Define owner’s equity. What items affect the owner’s equity positively? What items affect the owner’s equity negatively?
The owner’s equity comprises the capital that the owner has invested into the business. It is what the business is worth to the owner. Profits made will increase the owner’s equity and will further injections of capital.
Losses made will decrease the owner’s equity as will any drawings that the owner takes from the business.
What is meant by the dual effect of transactions? How does it relate to the accounting equation?
The meaning of the dual effect of transactions is that when each transaction of a business is recorded, at least two changes must be made in the assets, liabilities, or owner’s equity of the business in order to keep the accounting equation in balance.
What is accrual accounting, and why is it important?
When a business uses accrual accounting, the business records its revenue and related expense transactions in the same accounting period that it provides goods or services, regardless of whether it receives or pays cash in that period. Accrual accounting is important because it makes accounting information helpful to external users by not letting cash receipts and cash payments distort a business’s net income.
What is a bank reconciliation, and what are the causes of the difference between a business’s cash balance in its accounting records and its cash balance on its bank statement?
A bank reconciliation is an analysis that a business uses to resolve the difference between the cash balance in its accounting records and the cash balance reported by the bank on its bank statement. The causes of the difference are deposits in transit, outstanding payments/cheques, deposits made directly by the bank, charges made directly by the bank, and errors.
Why does a business need to manage its working capital?
A business manages its working capital because it wants to keep the right amount on hand to finance its day-to-day operating activities plus an extra amount in case something unexpected happens, such as an opportunity to buy inventory at a reduced price or when a customer doesn’t pay its account when expected.
Briefly discuss the controls over inventory.

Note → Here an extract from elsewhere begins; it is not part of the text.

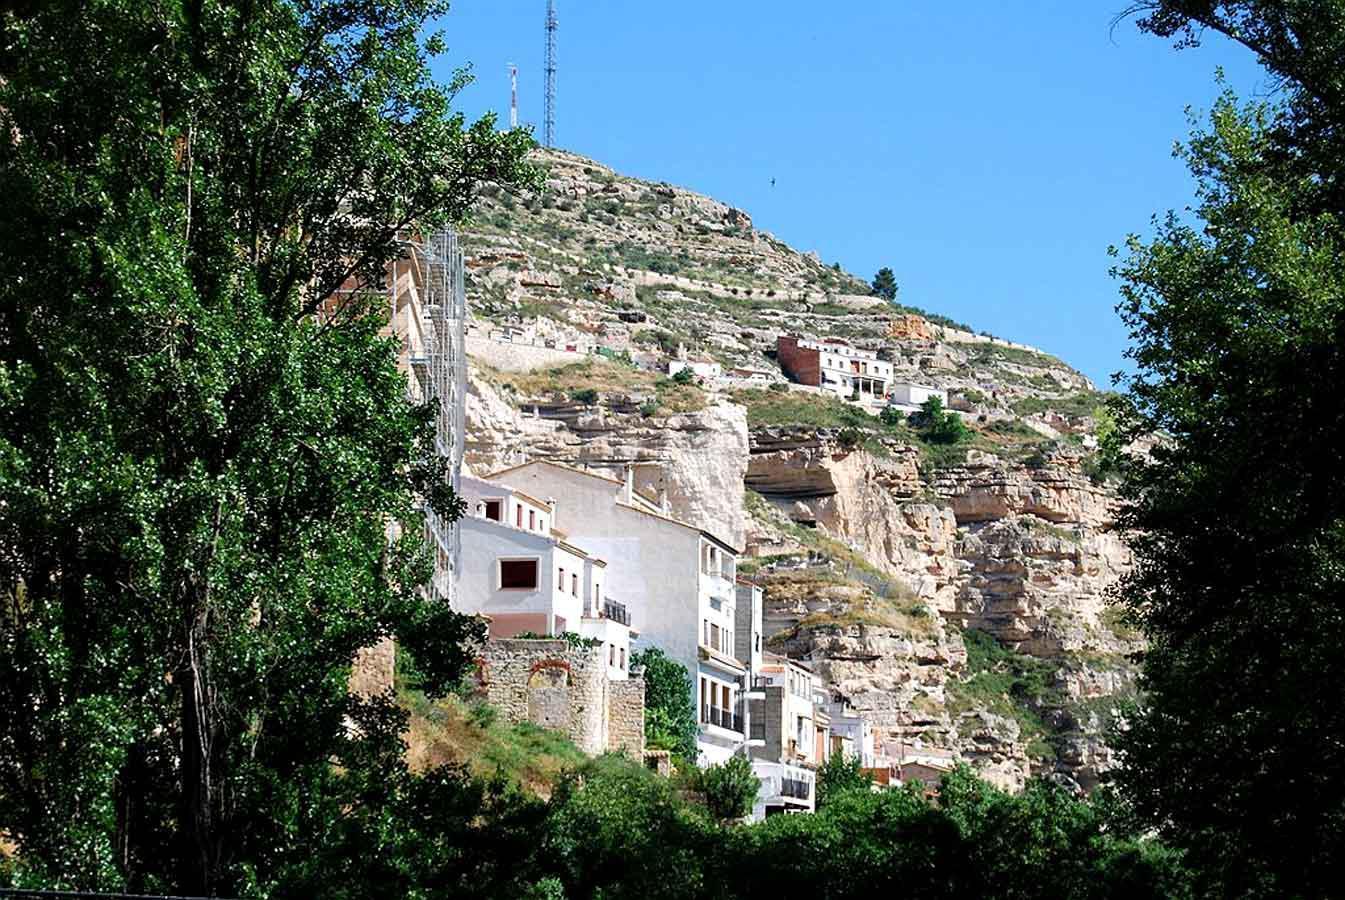 Fotos de la mansi n albacete alcala del jucar clubrural for Casa rural mansion terraplen seis
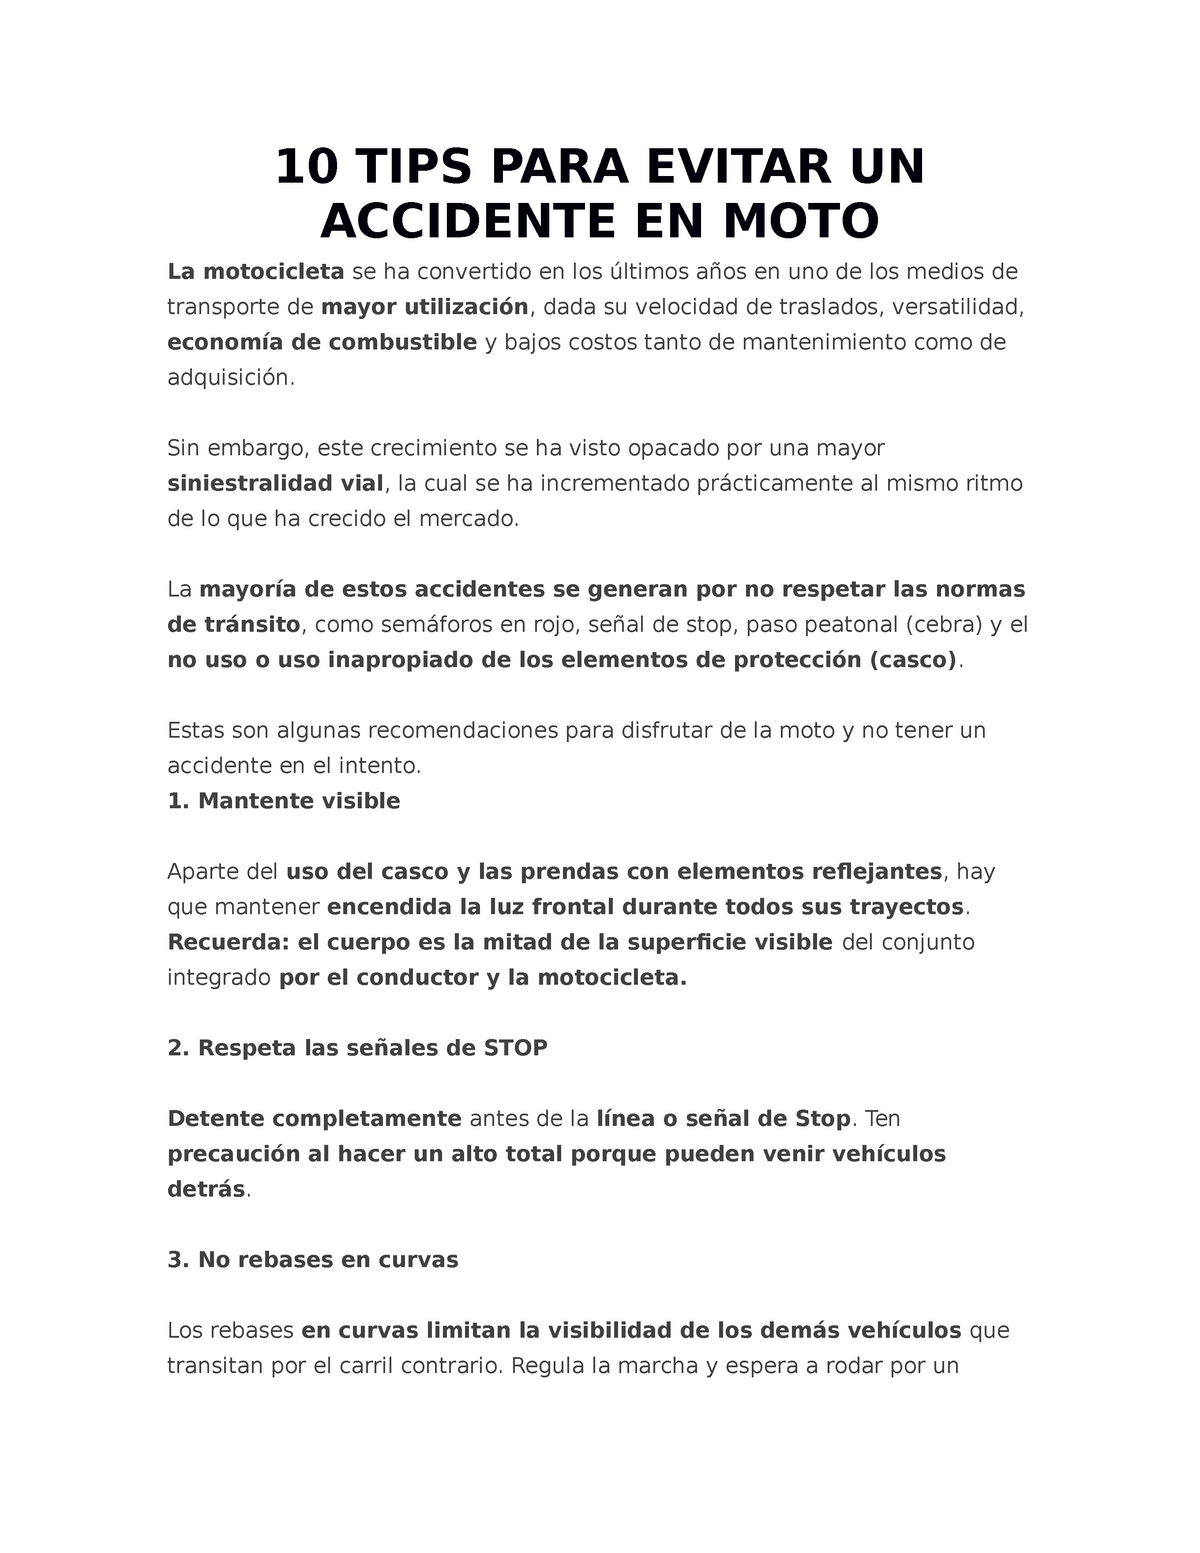 421a8695bf4 10 TIPS PARA Evitar UN Accidente EN MOTO - Derecho - StuDocu

There are three controls over inventory:
1. First, a business should control the ordering and acceptance of inventory deliveries. 2. Second, a business should establish physical controls over inventory while it is being held for sale. 3. Third, a business should periodically take a physical count of its inventory.
Identify the parts and subsections of a retail business’s classified income statement. What is included in each part?
A retail business’s classified income statement has two parts: an operating income section and another items section. The operating income section has three sub-sections:
* Revenues * Cost of goods sold * Operating expenses.
The operating income section includes all the revenues earned and expenses incurred in the primary operating activities of the business. The other items section includes any revenues and expenses not directly related to the primary operations of the business.
When do businesses normally recognise and record (a) revenues and (b) expenses?
Under the accrual system, when they are accrued. Revenue and expenses are recognised in the period that they are incurred, regardless of whether cash has been received or paid.
What is the link between the income statement and the statement of owner’s equity?
The net profit or loss that is calculated in the income statement is transferred to the owner’s equity statement as the owners are the recipients of all profits and must also bear all losses.